3年生になってすぐに外資系企業の選考を受けはじめれば、そういった層の学生ばかりを目にすることになる。中には、「本当に学生ですか?」と突っ込みたくなるぐらい華々しい経歴を持つ人もいる。選考を通じて優秀な学生を見つけるたびに、「自分なんかで大丈夫かな?」と心配になってしまうぐらいだ。しかし、内定を獲得するためには彼ら以上に秀でるほかない。
インターン経験者や起業経験者の学生は、面接のエピソードひとつを取っても、思わず「強いなあ」と言ってしまうほどインパクトのある話を用意してくる。

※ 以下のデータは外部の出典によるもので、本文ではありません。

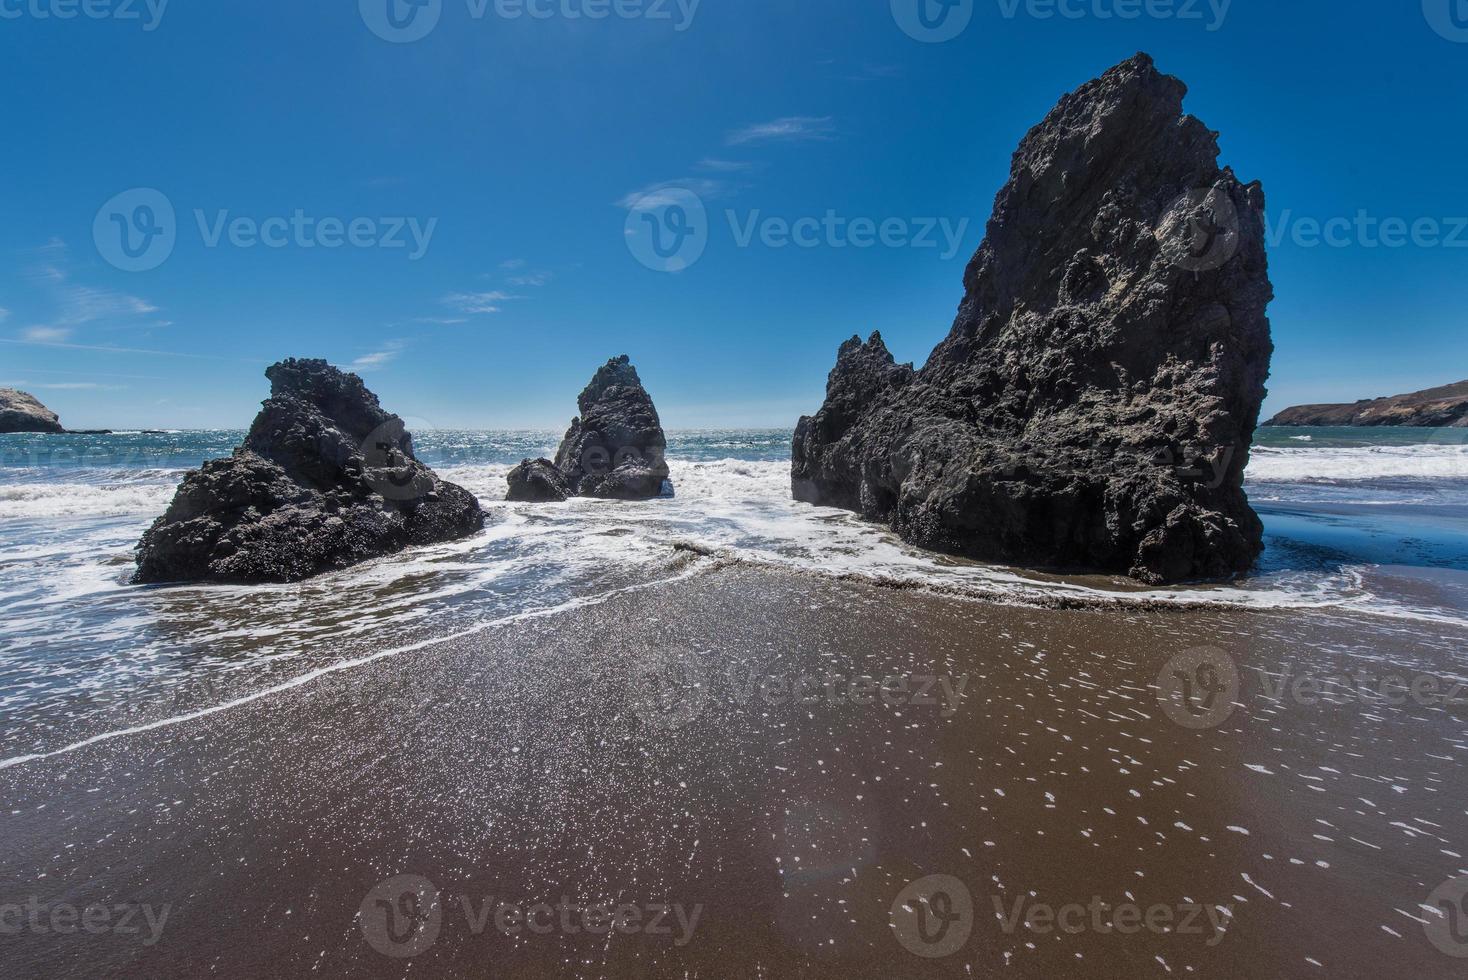 rodeo beach california rocce onde e sabbia foto

サマーインターンの選考を受けている際の集団面接で、質問後の第一声から「NPO法人の代表を務め、渡米し、留学中には現地の学生と共同で会社を経営していました」と隣の学生が話をし始めた際は苦笑いを隠し切れなかったことをよく覚えている。
私はこの学生の次に質問を振られたのだが、完全に動揺してしまい、ペースが乱れた。結果は言うまでもなく、不採用である。「他者に左右され自分の言動が変わってしまった。一体全体、私は何をしているのだろう」と惨めに思った。
このような状況を防ぐためには、外資系企業をはじめとした早期選考には、優秀な層の学生がこぞって参加するということを頭に入れておくことだ。自分の経験に自信を持って、彼らの言動に惑わされないことが重要であろう。
いつ自分に話が振られてもおかしくない状況のため、音声をオフにすることはできないが、自分に関係のない話は右から左に流すぐらいにとどめておく。いちいち周りに振り回されていたらきりがないということを事前に念じ、「何を聞いても、何を言われても悠然と構えるんだ」というマイルールを作れば、状況は改善されるはずだ。